Objective: Partnering statisticians and in vivo scientists presenting strategies to improve in vivo research rigor and reproducibility to support better-informed decision-making. Promoting the value of active collaboration and integration of statistical expertise and 3Rs considerations to provide continuous improvement in research design and experimental methods, data analysis, and interpretation.
Key takeaway: The value of instituting collaborations early in the research planning process and maintaining engagement throughout the experimental process.
16 November
Importance of systematic assessment of scientific validity in in vivo study design
Alan Olzinski, GSK | Noel Dybdal, Genentech
Goal: To educate on opportunities to improve research rigor, providing robust data supporting effective decision-making in drug development.
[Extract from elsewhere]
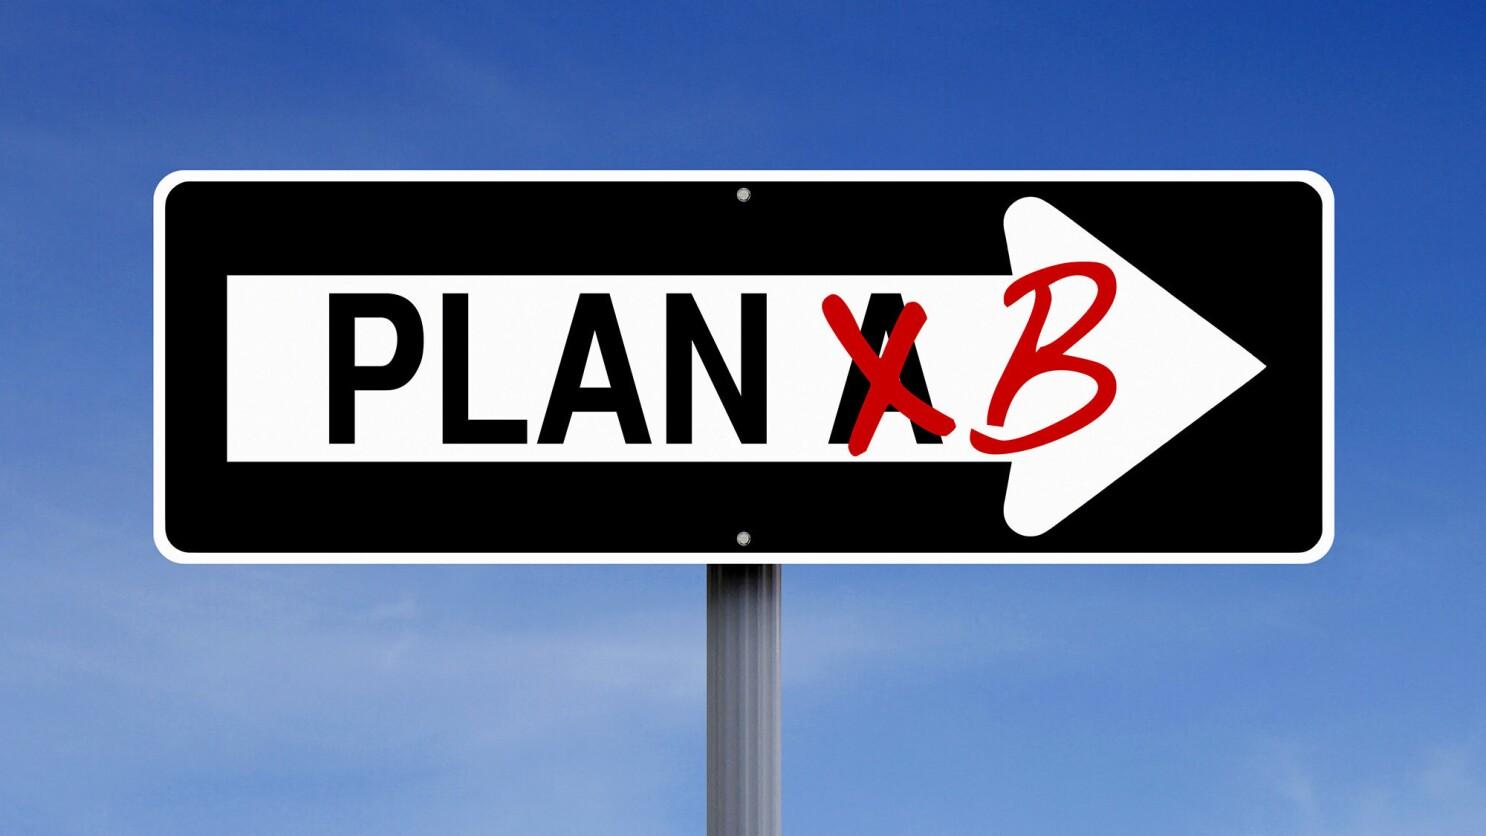 Rencana Cadangan - Rencana Matang Masa Depan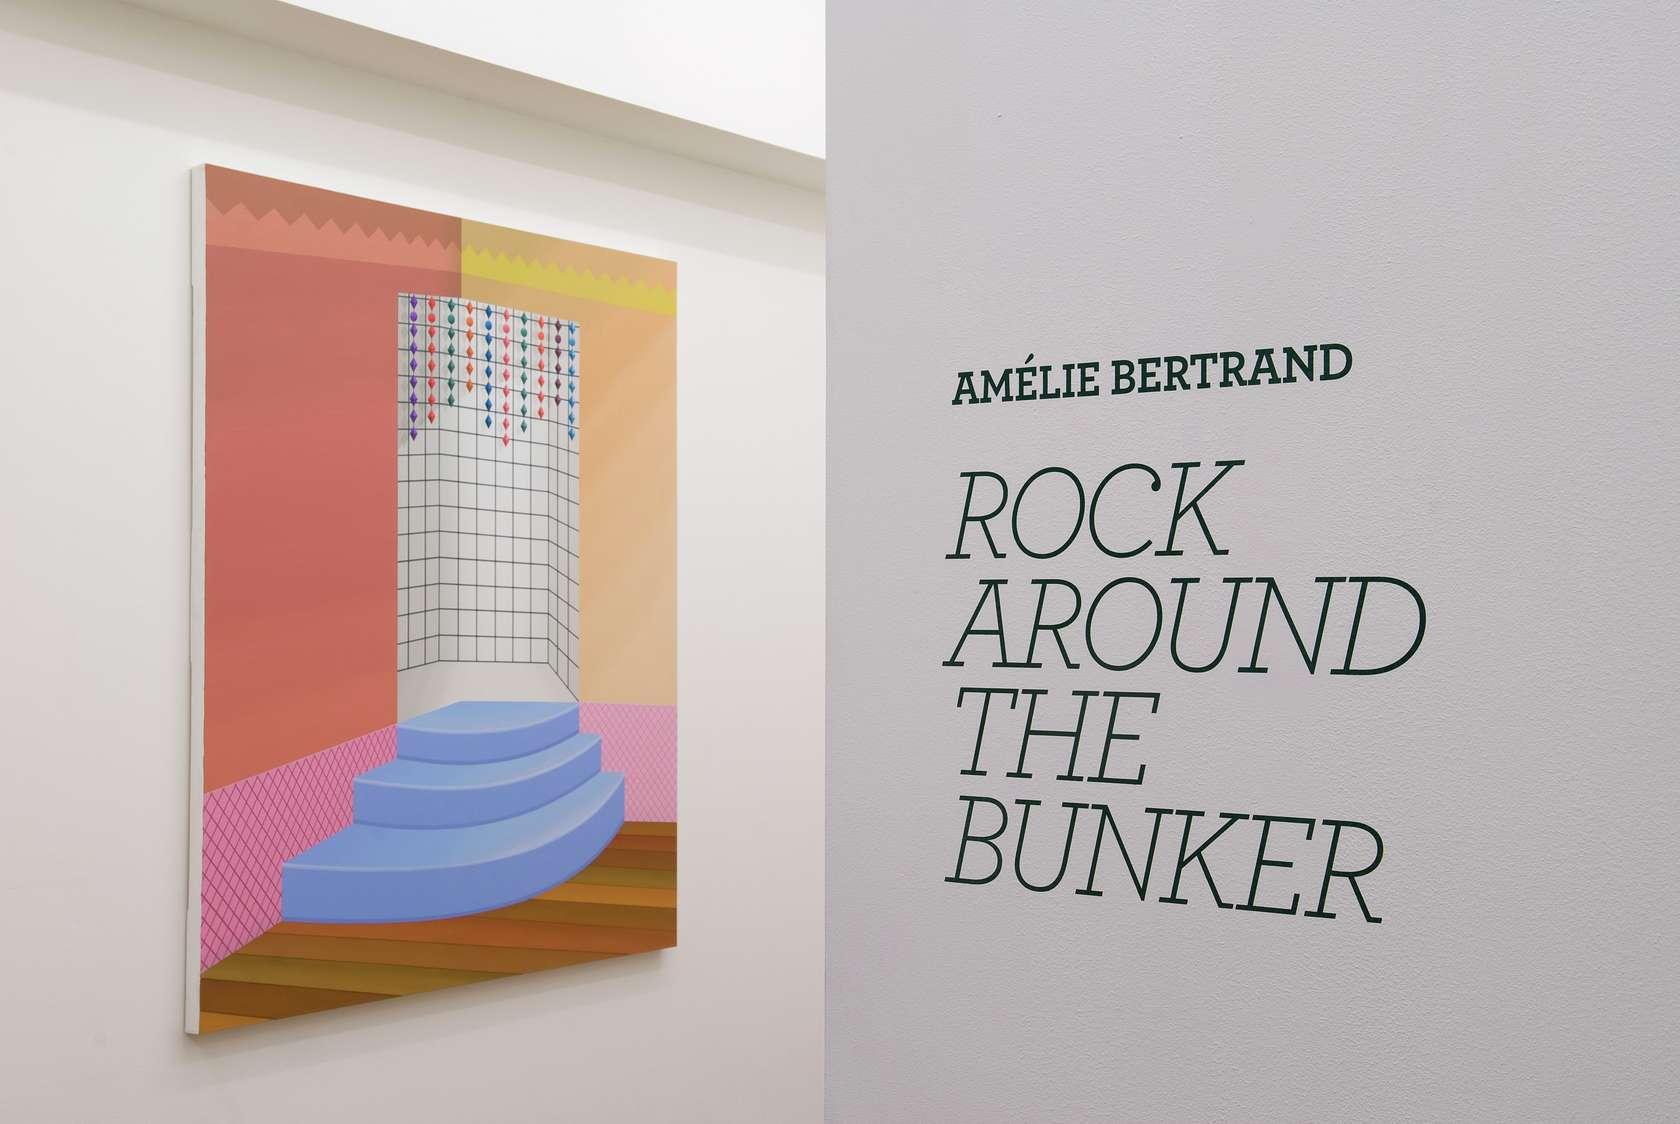 Amélie Bertrand Rock around the bunker Semiose 9 avril  — 22 mai 2010

Objective: Partnering statisticians and in vivo scientists presenting strategies to improve in vivo research rigor and reproducibility to support better-informed decision-making. Promote the value of active collaboration and integration of statistical expertise and 3Rs considerations to provide continuous improvement in research design and experimental methods, data analysis, and interpretation.
Key takeaway: The value of instituting collaborations early in the research planning process and maintaining engagement throughout the experimental process.